CISSM Forum | February 16, 2012
12:15 pm - 1:30 pm
1203 Van Munching Hall
College Park, MD
"A Revolution in Intelligence Affairs?"
William J. Lahneman, Assistant Professor, Towson University
William J. Lahneman is an assistant professor of Political Science at Towson University, Towson, MD. He also is a senior research scholar at the Center for International and Security Studies at Maryland (CISSM) at the University of Maryland’s School of Public Policy. He holds a Ph.D. in International Relations from the Johns Hopkins University’s School of Advanced International Studies (SAIS), an M.A. in National Security Affairs from the Naval Postgraduate School, and a B.S. from the United States Naval Academy.
Lahneman has held academic positions as associate director for programs at CISSM, where he conducted several research projects for different parts of the US intelligence community, and as associate chair of the Political Science Department at the U.S. Naval Academy. A former career naval officer, Commander Lahneman, U.S. Navy (retired) was a surface warfare officer with specializations in strategic planning, international negotiations, and nuclear propulsion. Lahneman’s research interests include military intervention and nation building, the future of intelligence analysis, homeland security, and international relations theory.

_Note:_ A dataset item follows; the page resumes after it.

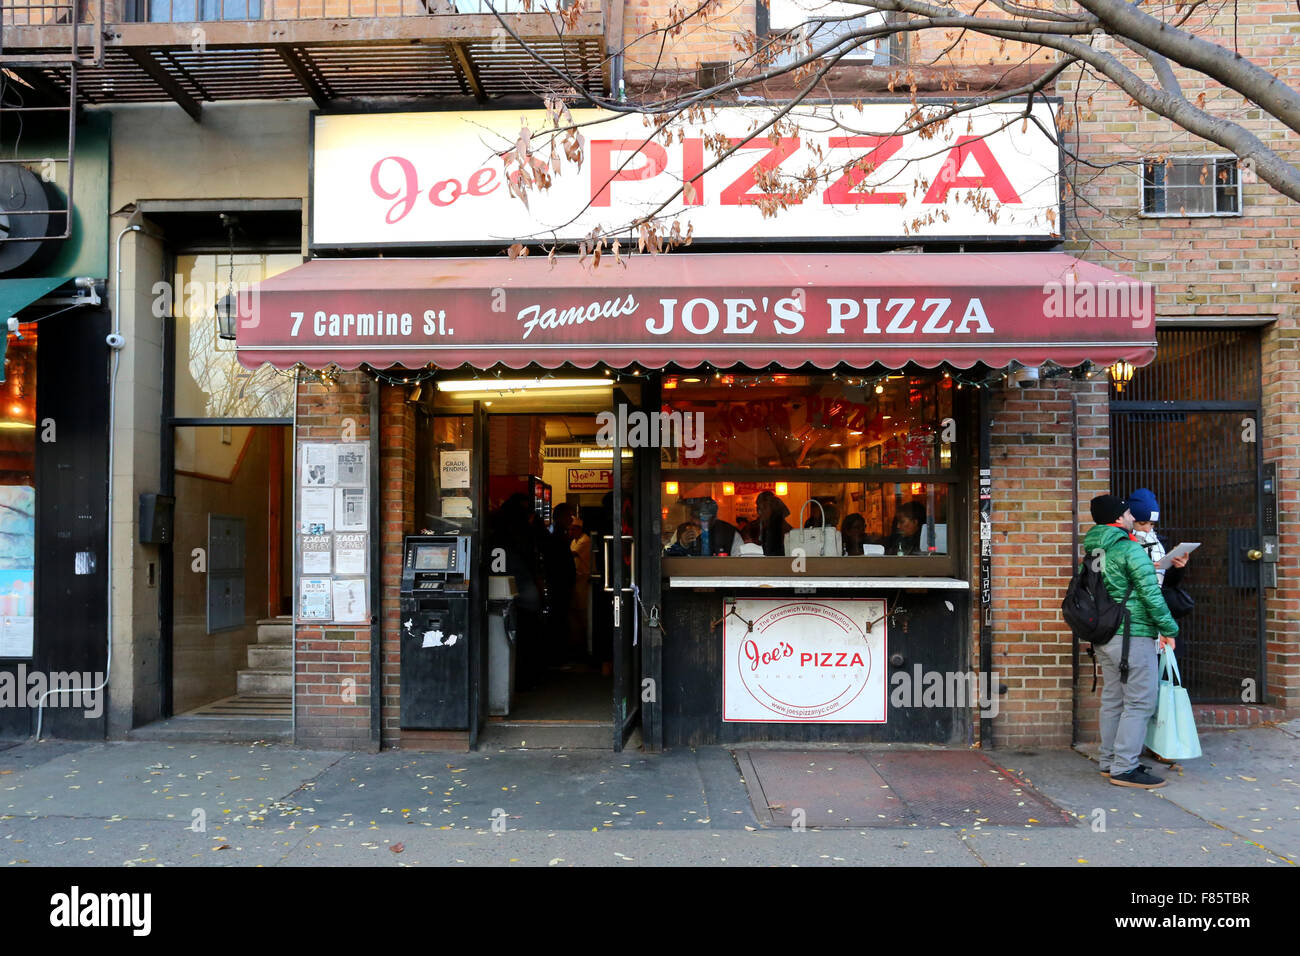 Joe's Pizza Greenwich Village, Carmine 7 St, New York, NY devanture extérieure d'une pizzeria dans le quartier de Greenwich Village de Manhattan. Banque D'Images
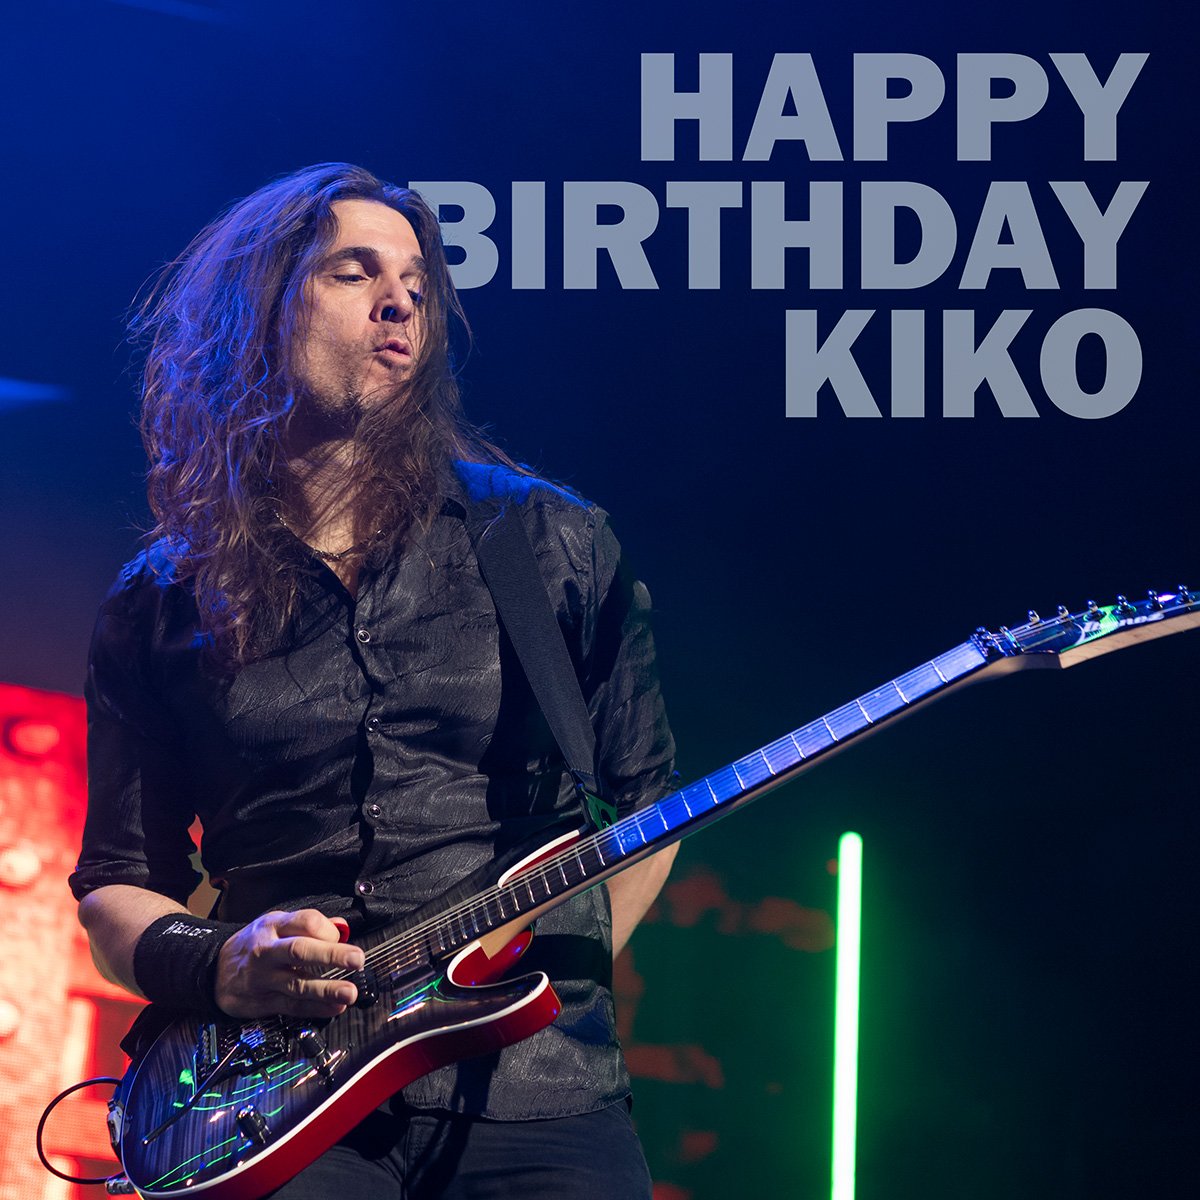 Happy Birthday Kiko!

In 2008, he received one of the Smith Richardson Foundation’s International Security and Foreign Policy Junior Faculty Research Grants for his book project Keeping U.S. Intelligence Effective: The Need for a Revolution in Intelligence Affairs, which was published by Scarecrow Press in March 2011. Other publications include Military Intervention: Cases in Context for the Twenty-first Century (ed.) (Rowman & Littlefield, 2004); “Estimating Iraqi WMDs: A Simulation” in Simulation and Gaming (with Hugo Keesing) (2009); and “The Need for a New Intelligence Paradigm” in the International Journal of Intelligence and Counterintelligence (2010). He is currently editing (with Joseph Rudolph) From Mediation to Nation Building: Third Parties and the Management of Communal Conflicts (Lexington Press, forthcoming late 2012).